Please state how many lines of the data contain "Pattern". The number by itself is enough.

[Start of section]

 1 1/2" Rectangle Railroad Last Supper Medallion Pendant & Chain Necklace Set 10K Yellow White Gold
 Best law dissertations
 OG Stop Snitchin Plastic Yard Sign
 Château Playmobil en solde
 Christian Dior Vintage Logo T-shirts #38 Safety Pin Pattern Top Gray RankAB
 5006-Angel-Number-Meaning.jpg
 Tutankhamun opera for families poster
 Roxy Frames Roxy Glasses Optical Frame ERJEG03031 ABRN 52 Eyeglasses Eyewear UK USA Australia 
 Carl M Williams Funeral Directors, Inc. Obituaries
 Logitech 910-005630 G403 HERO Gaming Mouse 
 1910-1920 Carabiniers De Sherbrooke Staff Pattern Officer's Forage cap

[End of section]

> _Response area_: 2